By having this last definition evaluated we get

class cell :
  int ->
  object
    val mutable contents : int
    method read : int
    method write : int -> unit
  end

so we can create a cell c containing the number 5 by writing

let c = new cell 5;;

Notice that if we do not constrain init_cont to be of type int, we get an error.
That sounds strange, since we have parametric polymorphism, like in Haskell, and hence one would expect the following definition

class cell init_cont =                        
  object
  val mutable contents = init_cont                                (***)
  method read = contents
  method write new_cont = contents <- new_cont
  end;;

to be typable in the most general way as

class cell :
           'a ->
           object
             val mutable contents : 'a
             method read : 'a
             method write : 'a -> unit
           end

and indeed the interpreter of OCaml infers exactly such a type for the above constructor of cell class.
The problem is that this is not a correct type. In fact the error message returned by the system is

The method read has type 'a where 'a is unbound.

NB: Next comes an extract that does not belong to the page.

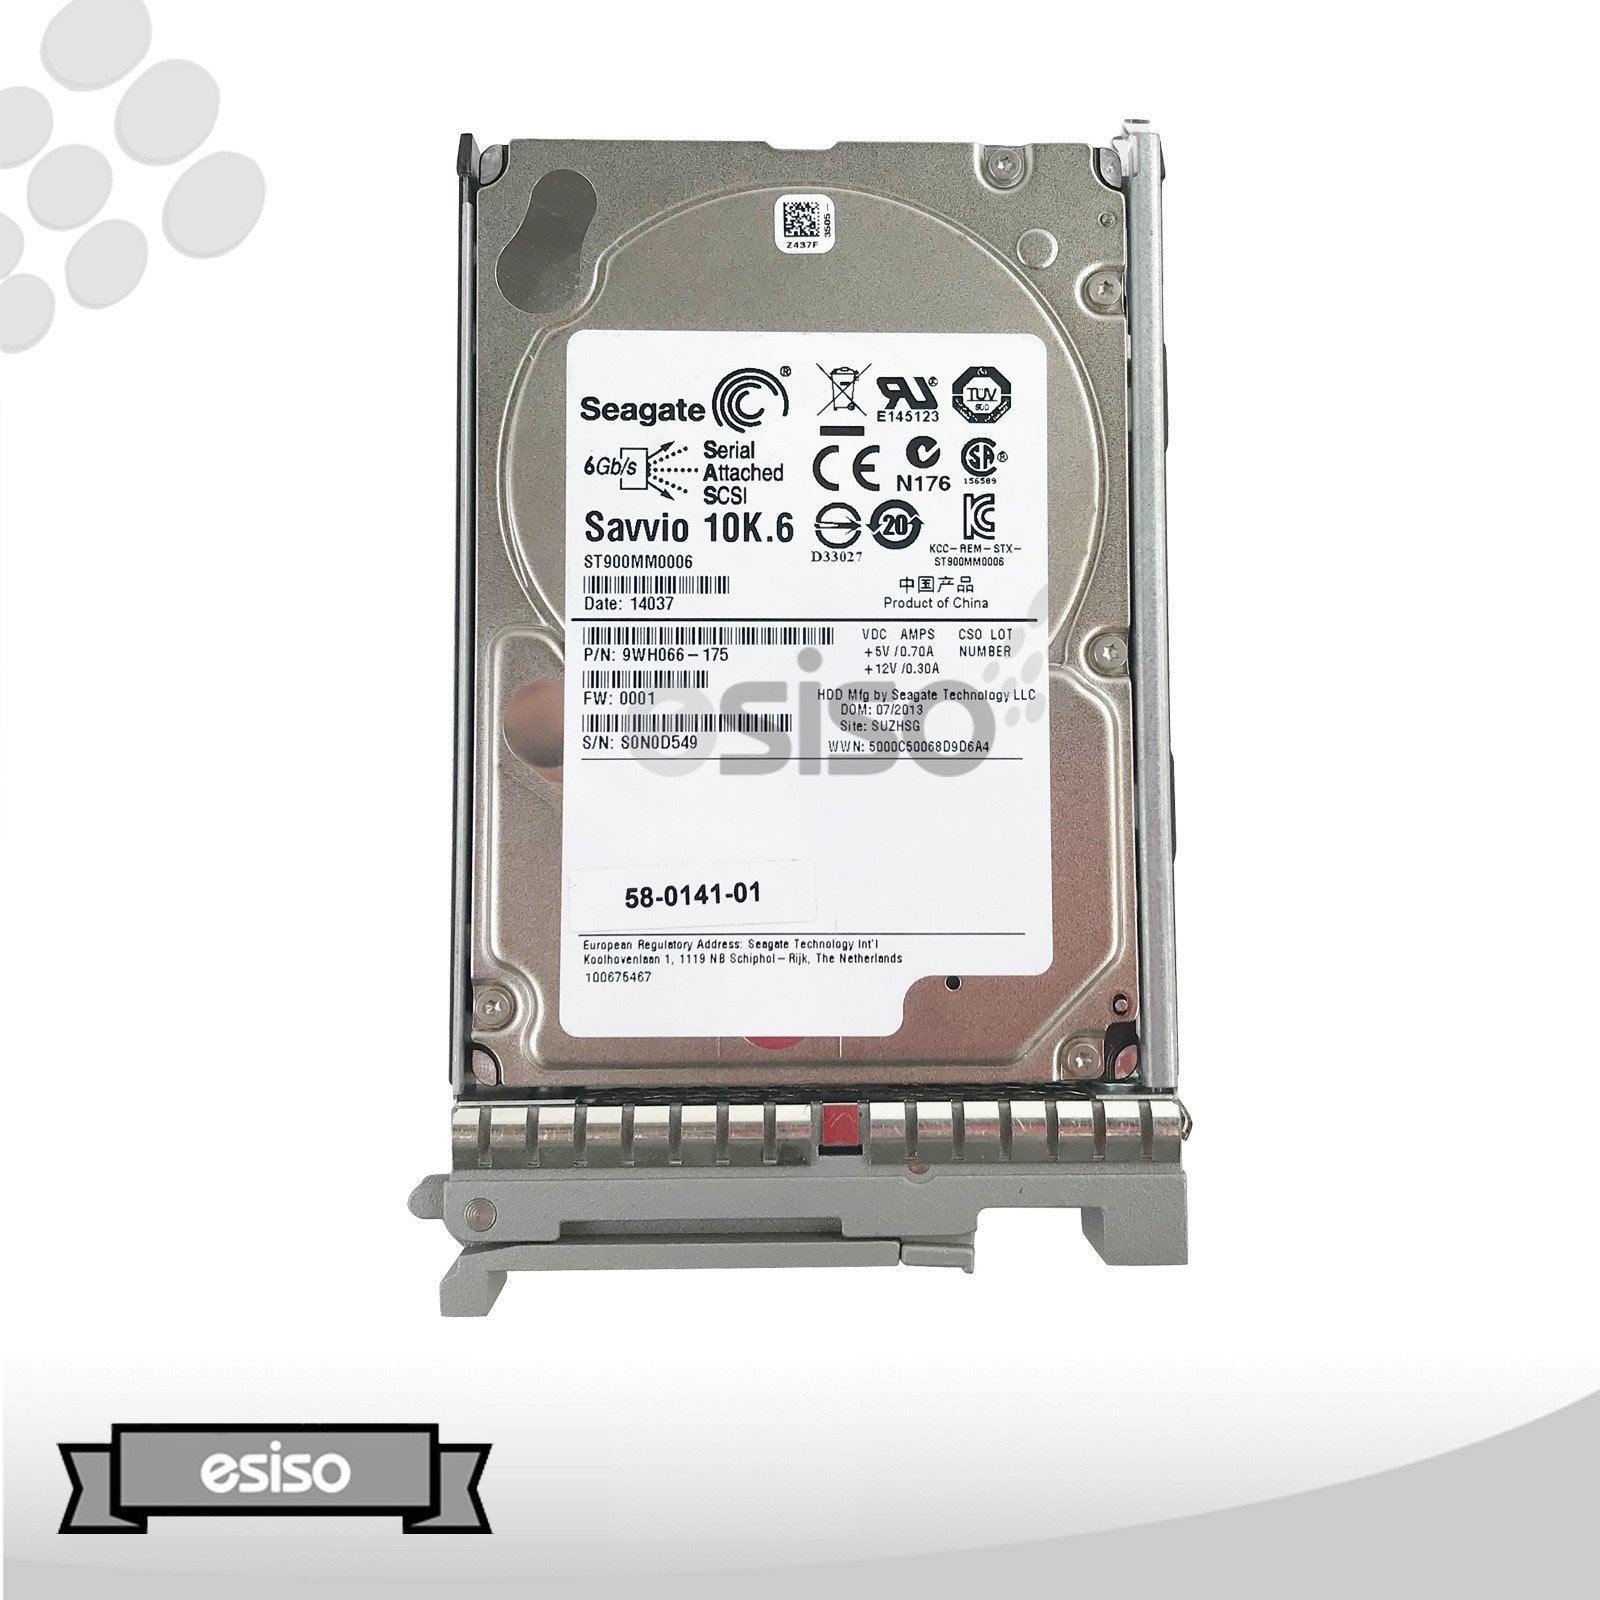 UCS-HDD900GI2F106 58-0141-01 ST9900805SS CISCO 900GB 10K 6G 2.5" SAS HARD DRIVE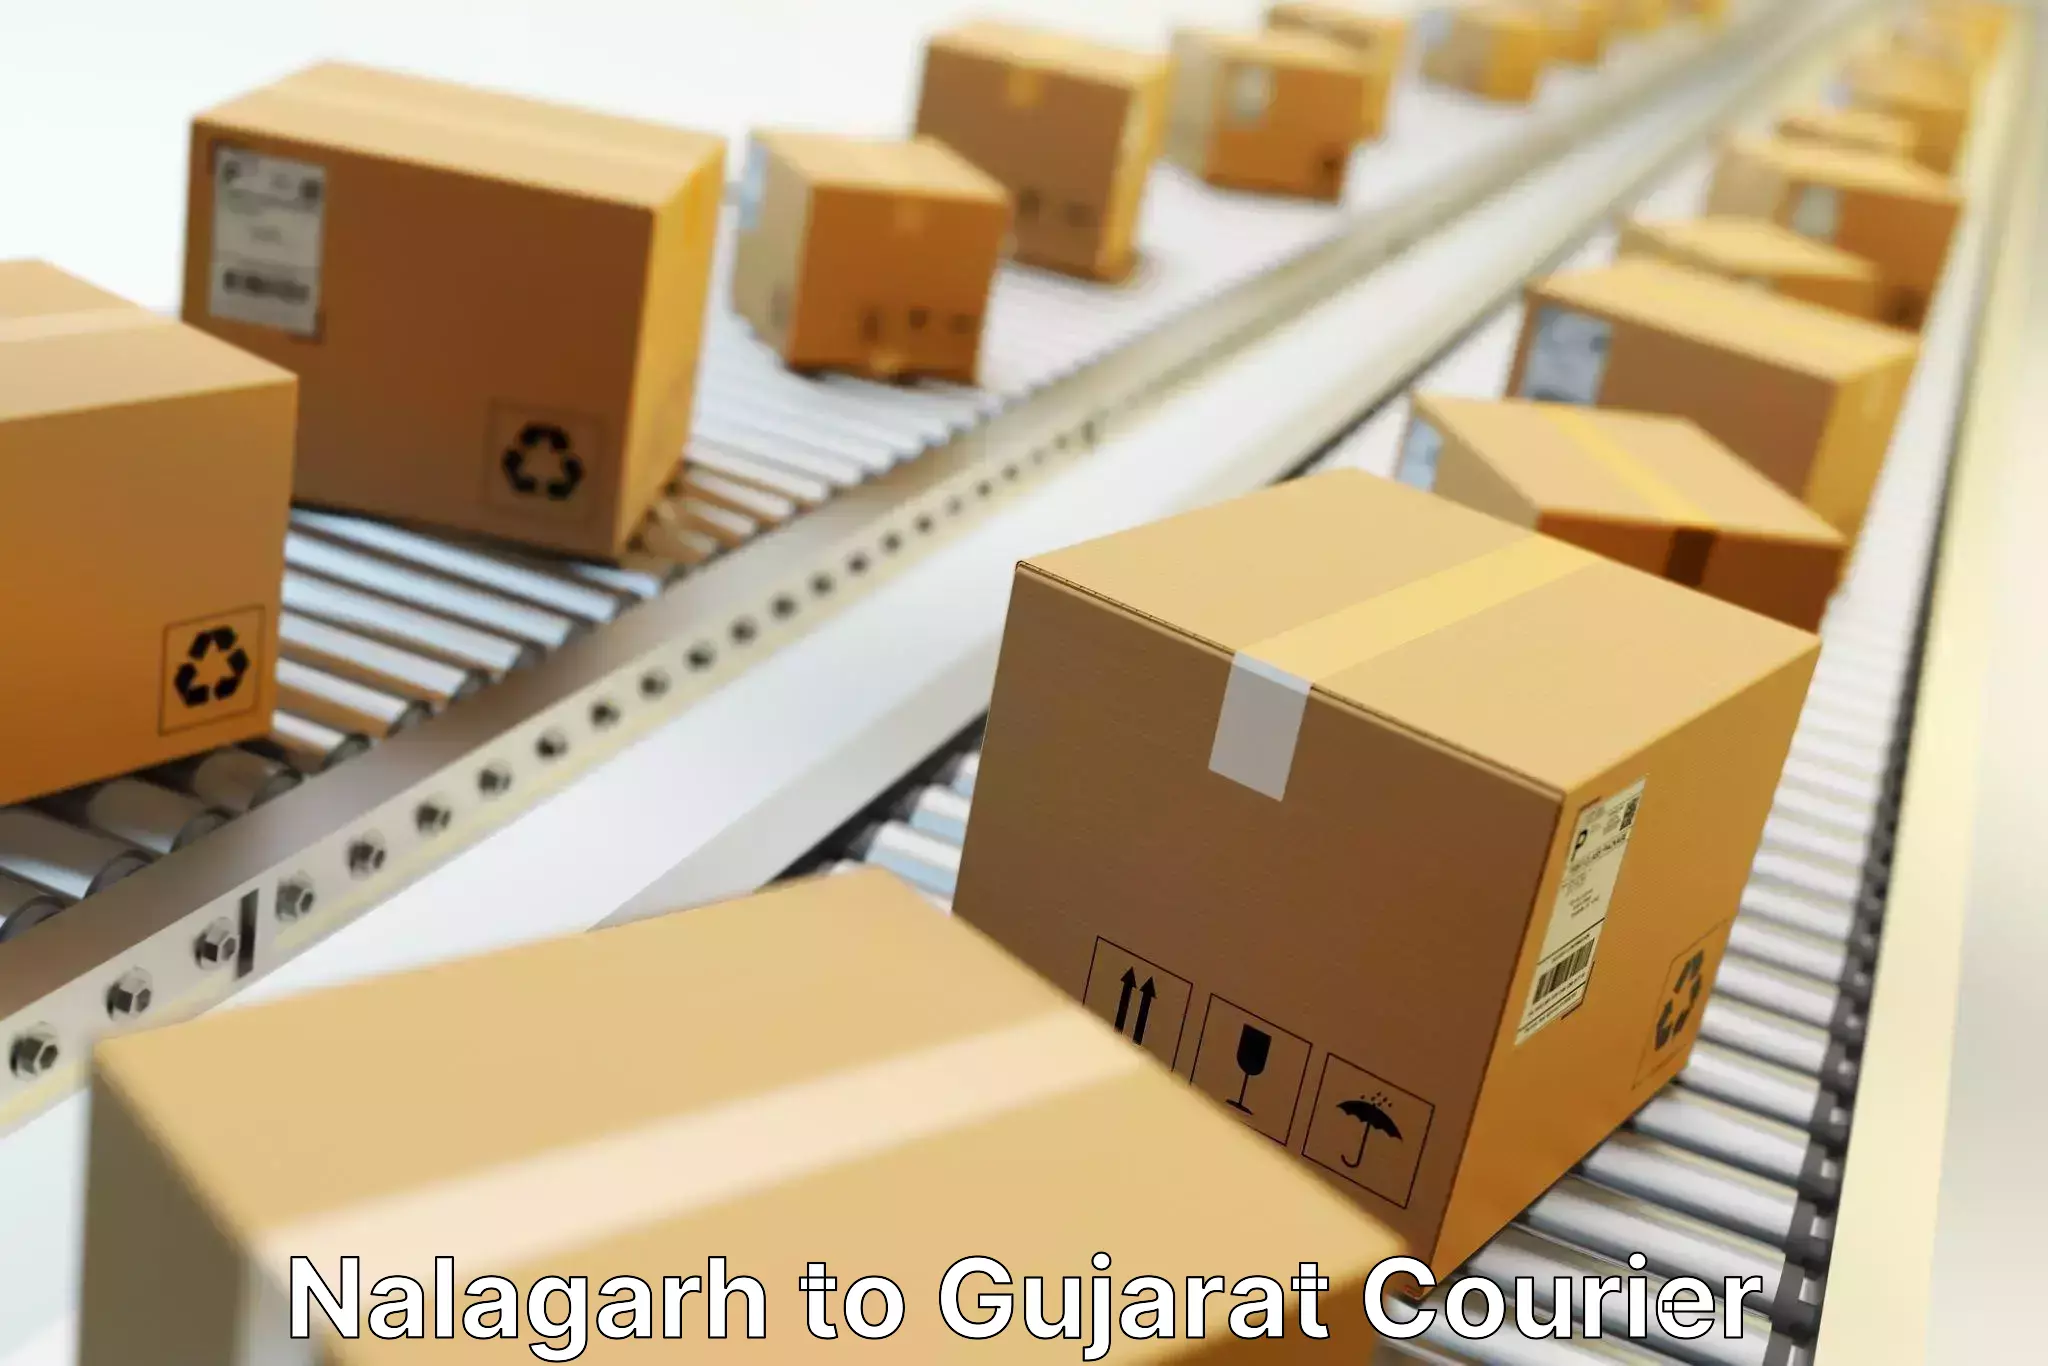 Express package handling Nalagarh to Radhanpur

Without getting now into a precise definition of unbound type variable we can easily understand where the error lies:
In case a definition like (***) were allowed, we could write

let cellA = new cell 5;;

let cellB = new cell "marameo";;

The type of both cellA and cellB would be cell, but the method read in cellA would have type int, whereas for cellB it would have type string, which is unreasonable.
We would have the same problem in Haskell if we were allowed to write

data BinTree = EmptyBT | Join (BinTree a) (BinTree a)

In OCaml it is possible to define polymorphic classes, but not as above.
The polymorphic (and correct) version of cell with initializing argument is in fact

class ['a] cell (init_cont:'a) =                   
  object
  val mutable contents = init_cont                               (****)
  method read = contents
  method write new_cont = contents <- new_cont
  end;;

By evaluating this definition we get

class ['a] cell :
  'a ->
  object
    val mutable contents : 'a
    method read : 'a
    method write : 'a -> unit
  end

You see, the above definition resembles the correct polymorphic type definition in Haskell

data BinTree a = EmptyBT | Join (BinTree a) (BinTree a)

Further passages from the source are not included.